Мы с братом Олегом дождаться не могли, когда наступит завтра. Визиты к Матюшенкам всякий раз бывали для нас волшебным приключением. В доме все держалось на бабушке Дуне. Она всегда приветливо встречала нас, угощая чаем и непременно вкусной домашней выпечкой. Чай же, помню, разливался из самовара. Для нас с Олегом это была экзотика.
Военную осень 1941 года Евдокия Григорьевна не пережила. Помню ее похороны. Написал «помню», а что за воспоминания-то? Отдельные мгновения. Мне было тогда шесть лет. Я спиной вперед сижу в санях, запряженных гнедой лошадкой. Левая моя рука лежит на крышке гроба. Видимо, обнимает домовину, а возможно, старается согреть бабушку. Уже установилась суровая зима, мороз был жуткий. Следом за санями — немногочисленные плачущие родственники…
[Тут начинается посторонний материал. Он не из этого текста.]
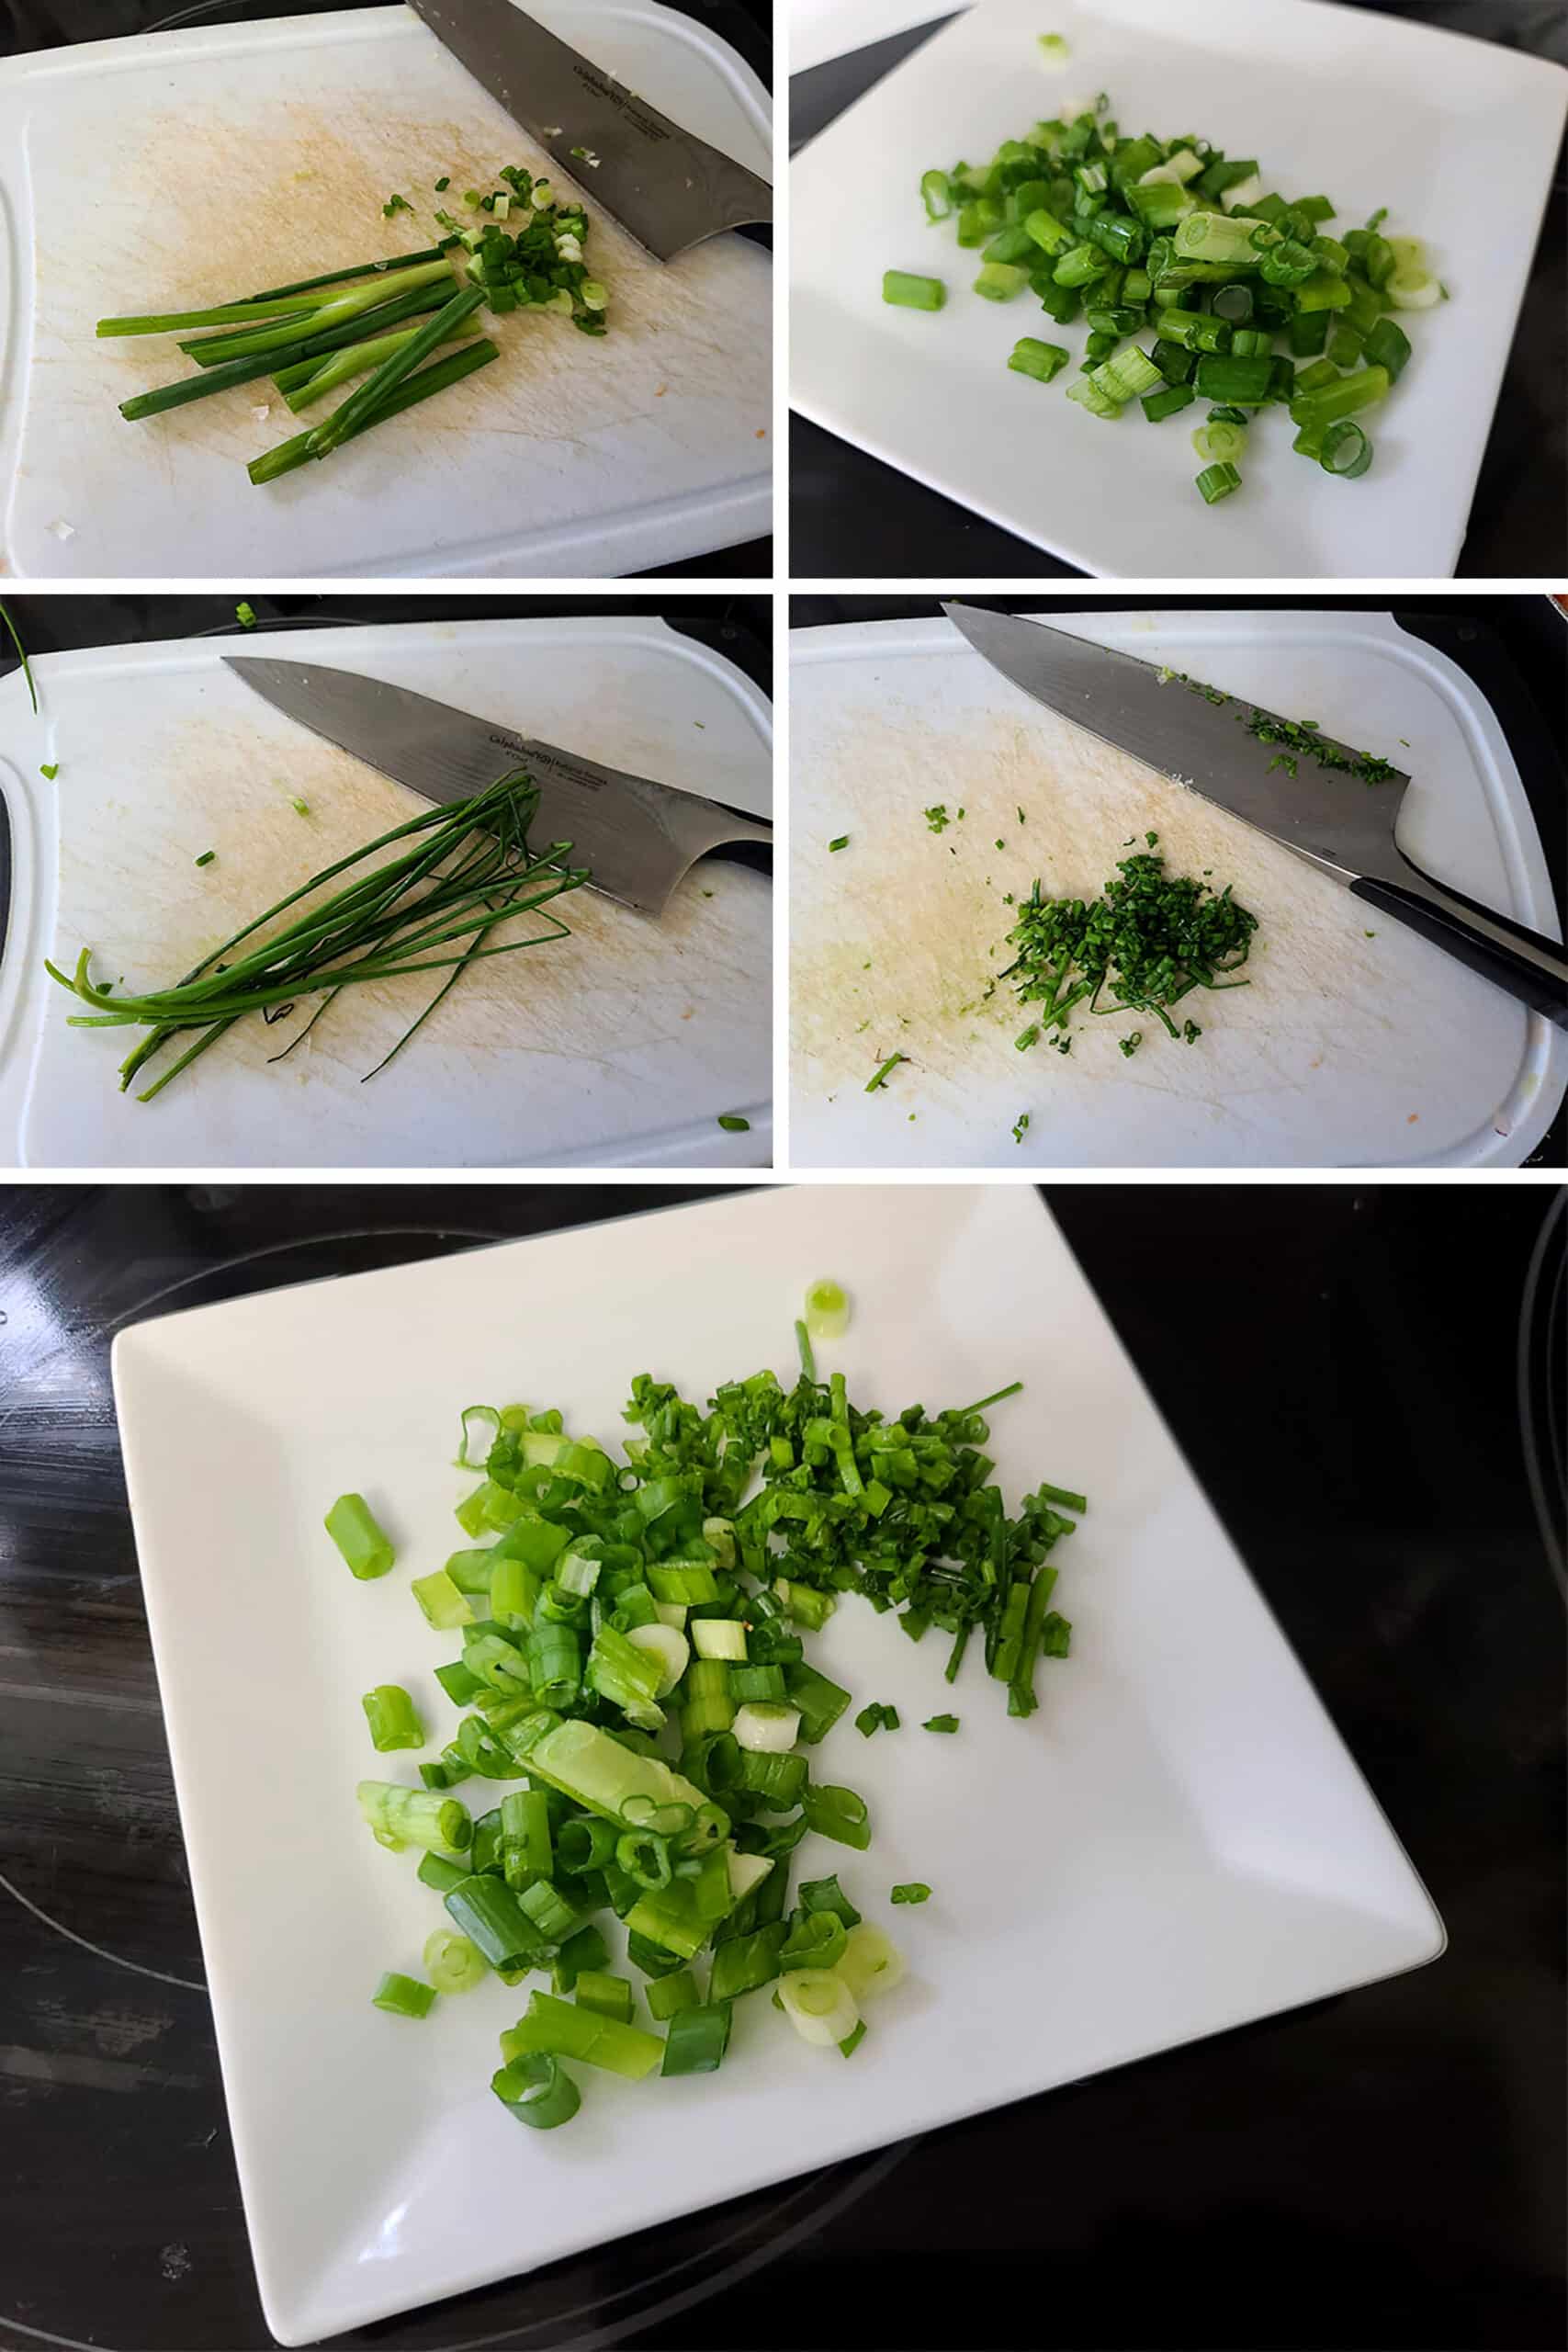 A 5 part image showing the fresh dill, chives, and green onions being chopped and sliced.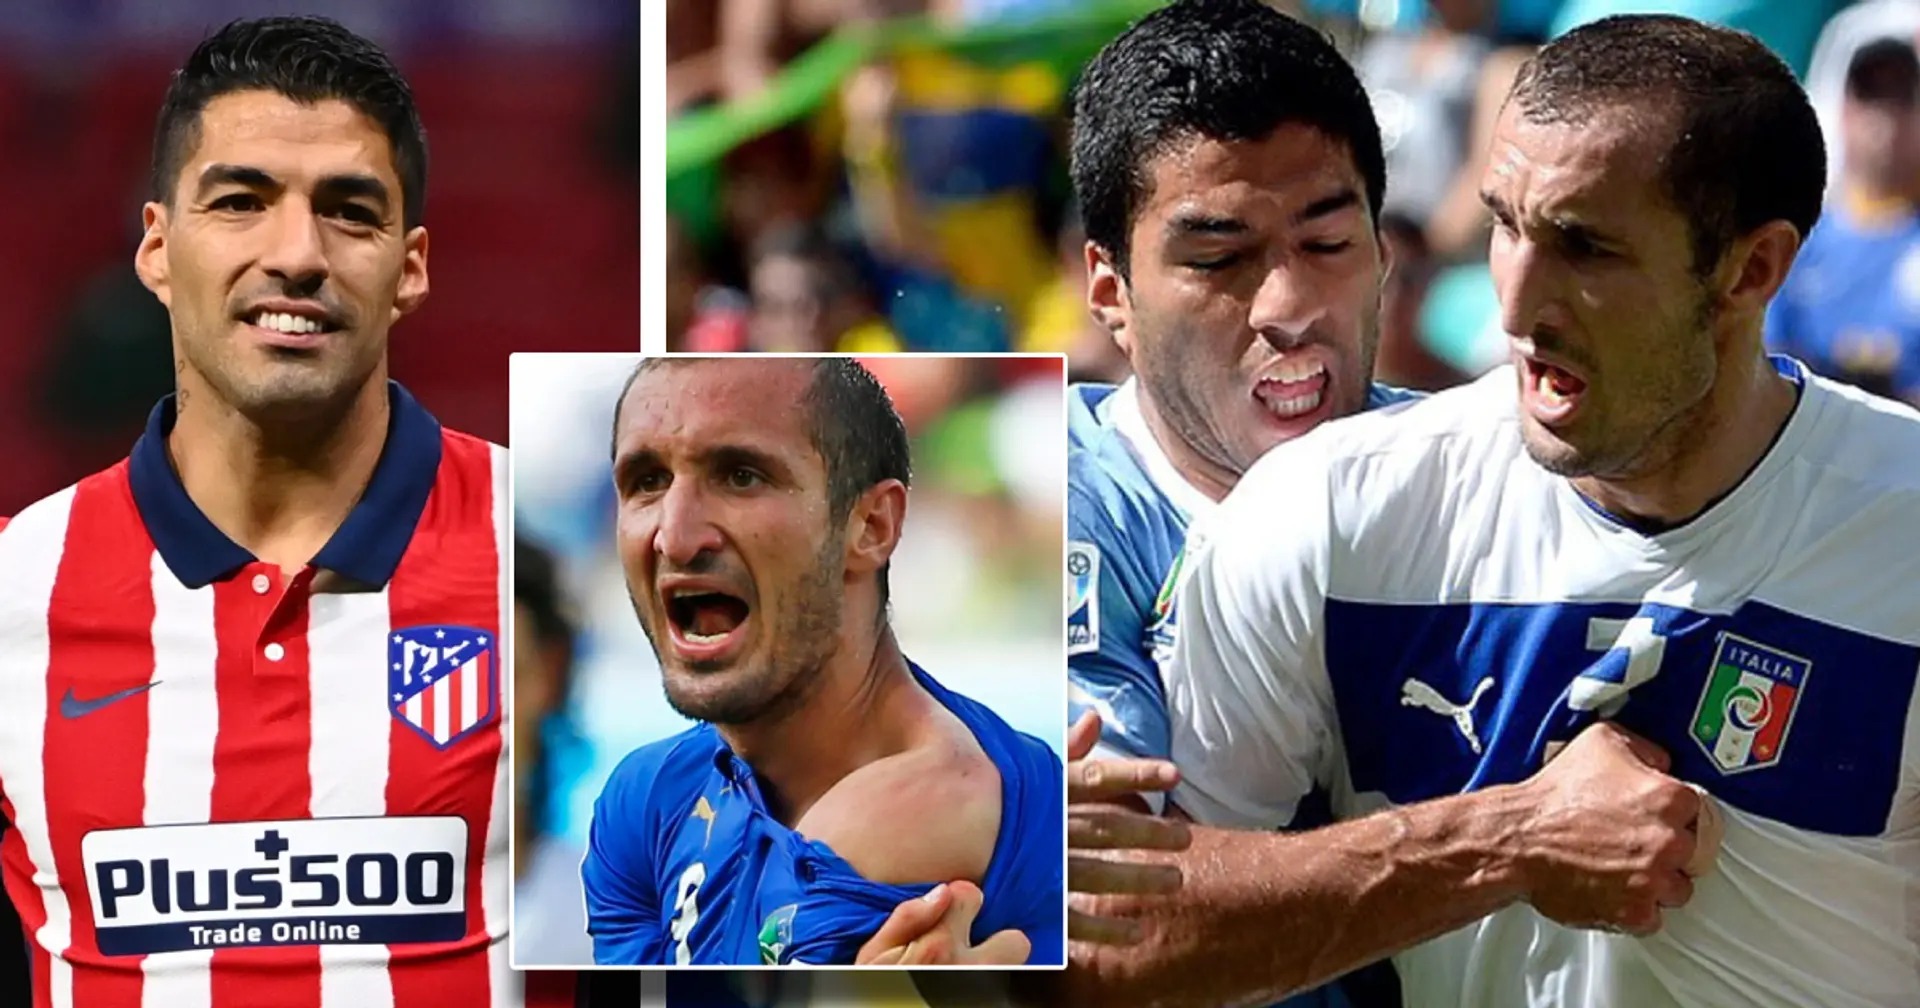 Luis Suarez could soon become teammates with Giorgio Chiellini as he leaves Atletico as a free agent

Сама же бабушка Дуня никогда прилюдно не горевала, и никто никогда не видел ее слез. Скорбела, уединившись. А ведь было от чего и о чем… В 1933 году ее старший сын Павел в одночасье был арестован.
Его биография на тот момент была краткой. Родился в 1902 году. В семье еще два сына и дочь. Он старший. Надежда родителей на старшего всегда велика. По окончании школы второй ступени Павел в семнадцать лет — ученик слесаря. В восемнадцать, сдав экзамен, работает на паровозе помощником машиниста. Это влияние отца. Кстати, младшие его братья Федор и Николай тоже служили на паровозах помощниками машиниста, а Федор Яковлевич, как и отец, стал машинистом. В 1923 году Павел, пройдя конкурсное испытание, поступает на рабфак, продолжая работать на паровозе. С 1925 по 1930 год учится в Московском высшем техническом училище, опять-таки не оставляя работы. После успешного окончания МВТУ он — инженер, старший инженер проектного отдела на заводе «Серп и молот» в Москве. На это судьба отмерила ему всего два года. А затем — арест по обвинению в принадлежности к контрреволюционной троцкистской группе.
Вместе с Павлом были арестованы его товарищи, имена которых я назову ниже. Все шестеро — выпускники инженерно-строительного факультета МВТУ, ровесники, объединенные не только студенческой дружбой, но и общими интересами. По давней традиции они нередко собираются у Павла, порой засиживаются допоздна — дом большой, условия позволяют. Здесь было по-семейному уютно, Евдокия Григорьевна непременно озаботится, напоит, накормит. В былые годы друзья совместно готовились к занятиям, а теперь, собравшись за чаем, вспоминают былые студенческие годы, оживленные семинарские занятия, коллоквиумы, размышляют о будущем, обсуждают новые решения партии, мечтают…
Однажды появилась в этой компании некая особа, их ровесница. Привел ее и поселил в доме Павла его товарищ Сергей Галкин, который познакомился с особой, отдыхая в Крыму, и вывез «даму своего сердца» в Москву. Была она активистка, парттысячница, производственник-передовик и имела партийные рекомендации для поступления в вуз. Правда, был у нее муж, дети, но Галкин, вероятно, очень уж увлекся и был не слишком разборчив в связях.
Родители Павла Яковлевича приняли особу со всей матюшенковской сердечностью. Они знать не знали, что первые три дня по приезде в Москву она прожила в доме родителей Сергея. Однако его родители быстро распознали в ней злодейку и выдворили из дома, хотя и они, вернее всего, не знали, что она стукачка и вскоре доложит следователю ОГПУ: «За время моего нахождения в квартире Галкина мне удалось установить», что вся семья — «антисоветчики». Для того чтобы составить это суждение, ей хватило трех дней. «У меня сложилось определенное мнение», что все они входят «в контрреволюционную группу, которая связана с определенной контрреволюционной организацией».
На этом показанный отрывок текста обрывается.